- Born: Michael Keogh Farr April 24, 1961 (age 65) Washington, D.C., U.S.
- Education: University of The South (BA)
- Occupation: Investment Company Executive
- Years active: May 1996 to present
- Spouse: Laurie Fishburn
- Website: Official website

= Michael K. Farr =

Michael K. Farr is an American author. He is chief market strategist for Hightower Advisors, LLC as well as president of the DC investment advisory firm, Farr, Miller, & Washington.

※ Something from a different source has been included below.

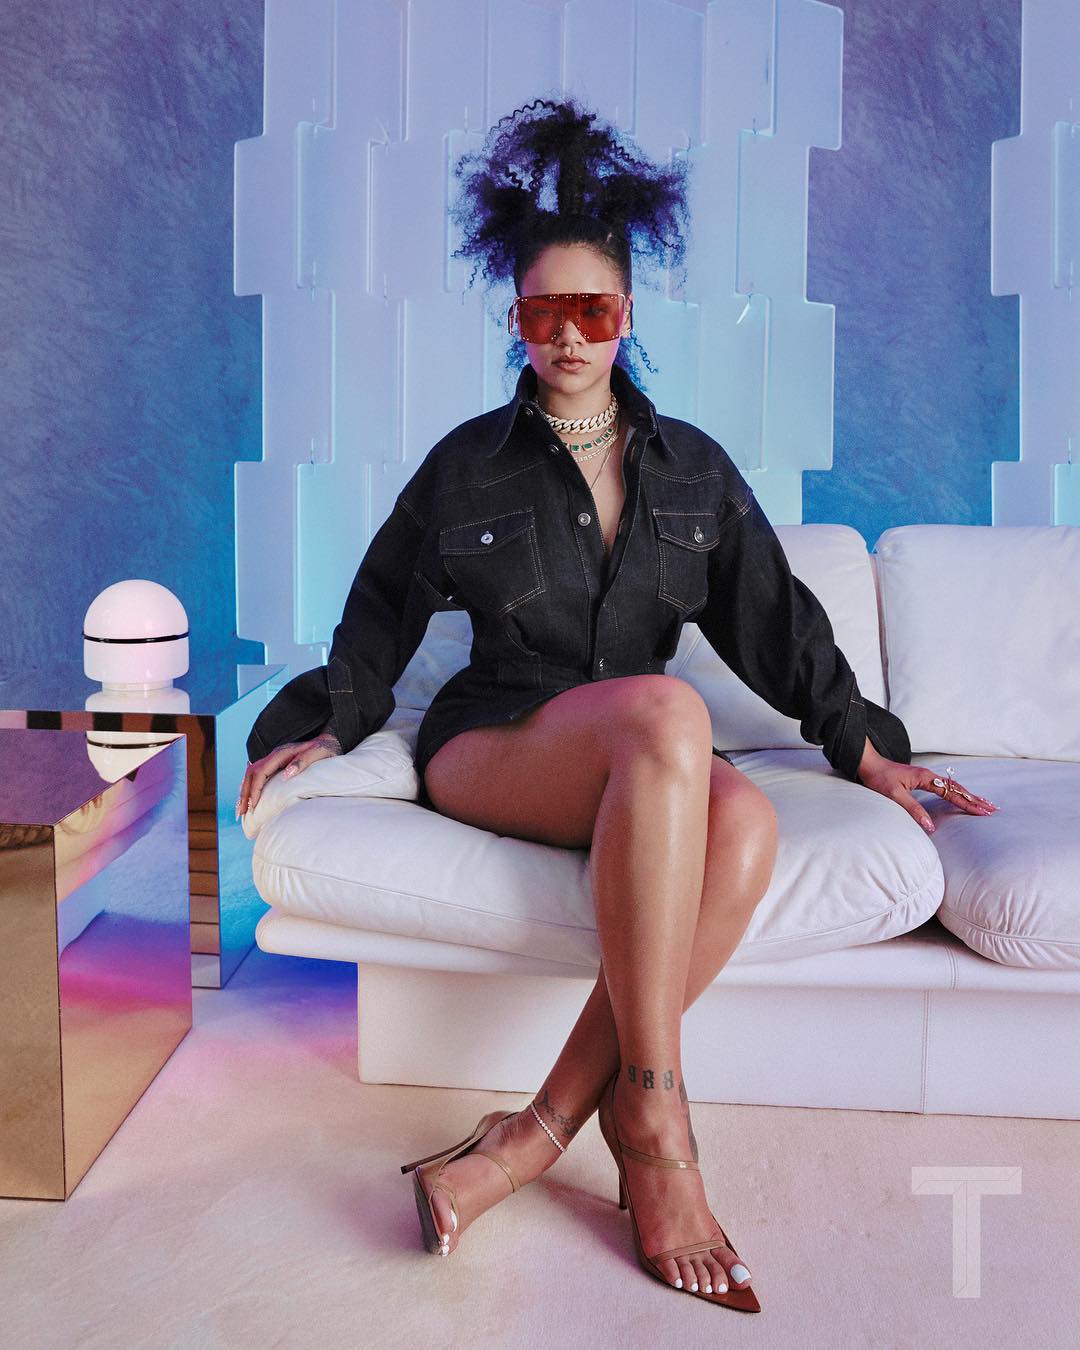 hình ảnh nóng bỏng của nữ ca sĩ đình đám Rihanna ảnh 7
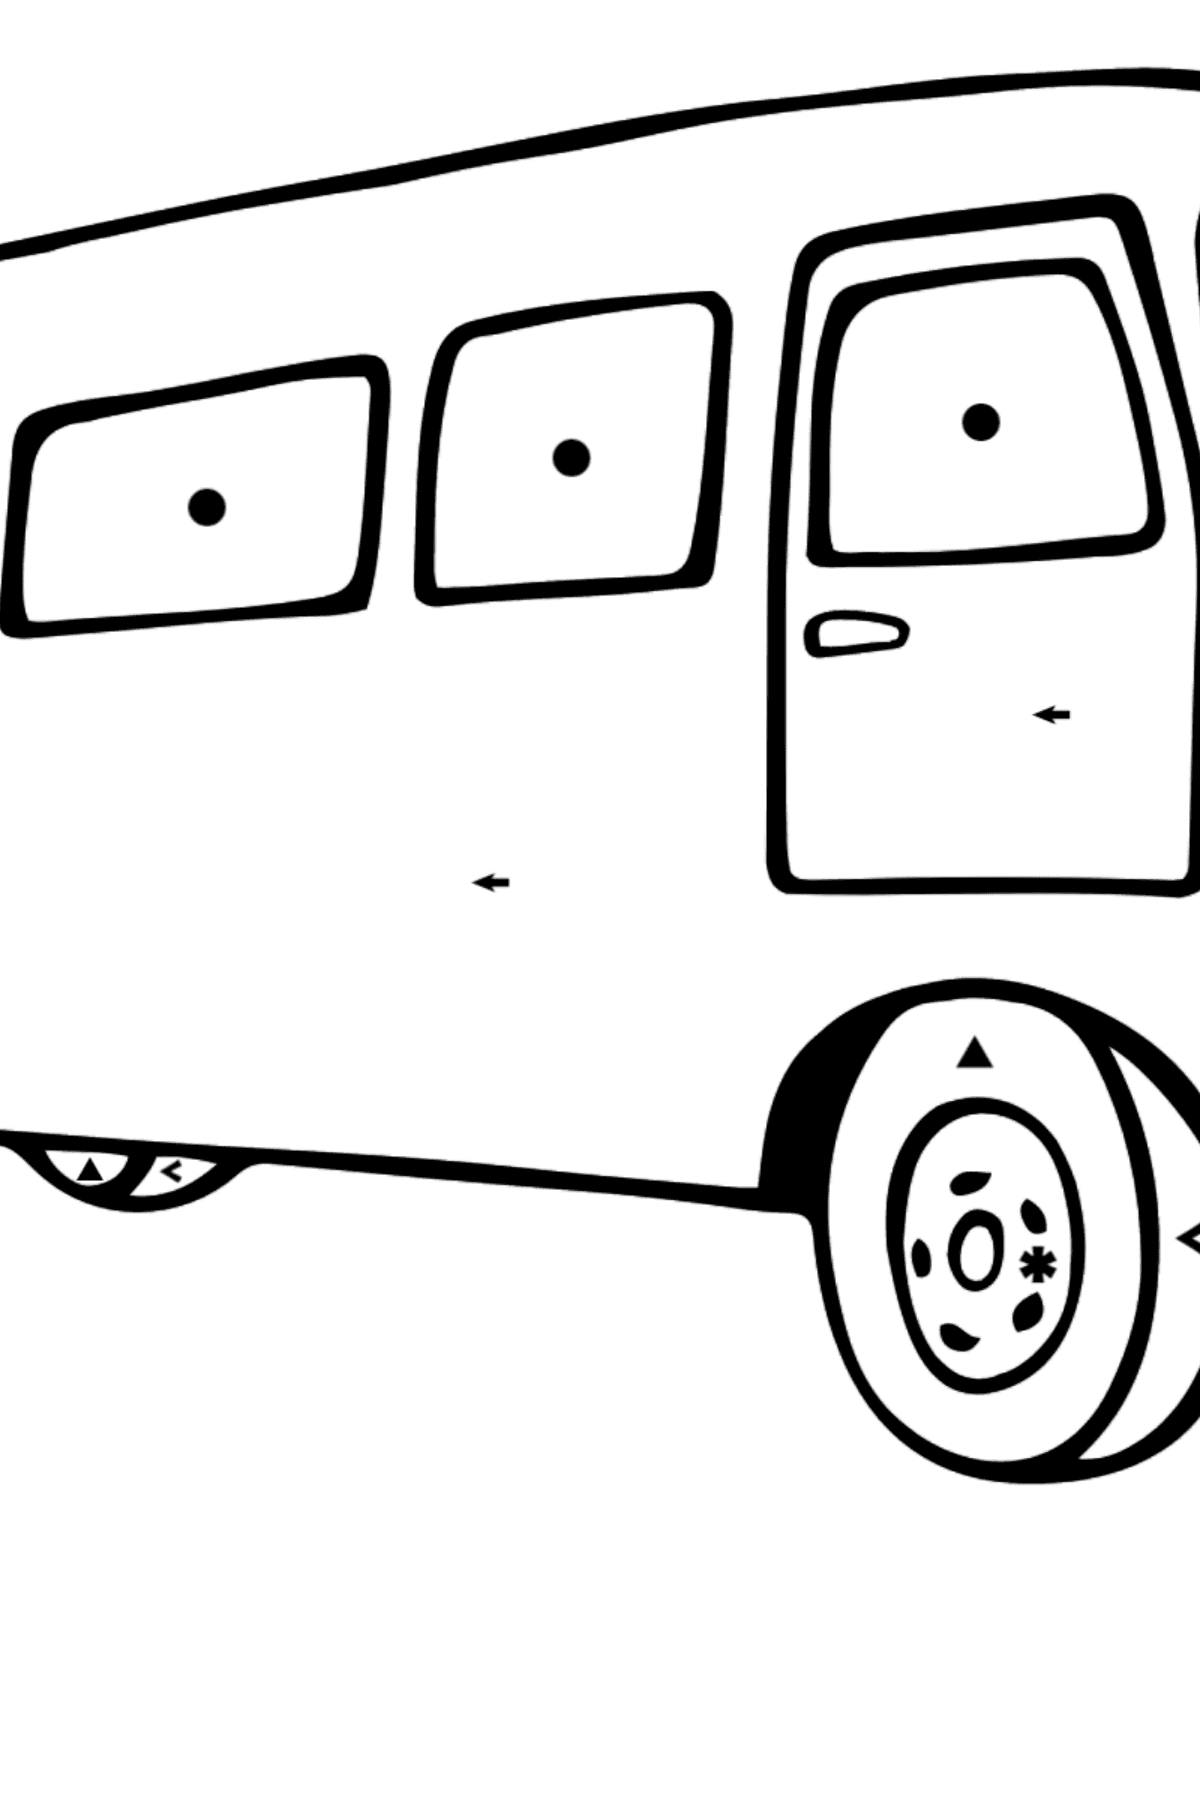 Tegning til fargelegging busspassasjer - Fargelegge etter symboler for barn

He has written three books, A Million Is Not Enough: How to Retire With the Money You'll Need, The Arrogance Cycle, and Restoring Our American Dream, which came out in 2013. Farr received a Next Generation Indie Books Finalist Award for Restoring Our American: The Best Investment in the category of Current Events/Social Change.

== Business career ==
Michael K. Farr is chief market strategist for Hightower Advisors, LLC as well as President and CEO of Farr, Miller & Washington, . He is chairman of the Investment Committee and is responsible for overseeing the day-to-day activities of the firm. Prior to starting the firm, he was a principal with Alex. Brown & Sons. He was an advisor to the St. Petersburg and Moscow stock exchanges in the Glasnost Era, and taught capitalism to former communists as the Soviet Union moved towards a market economy.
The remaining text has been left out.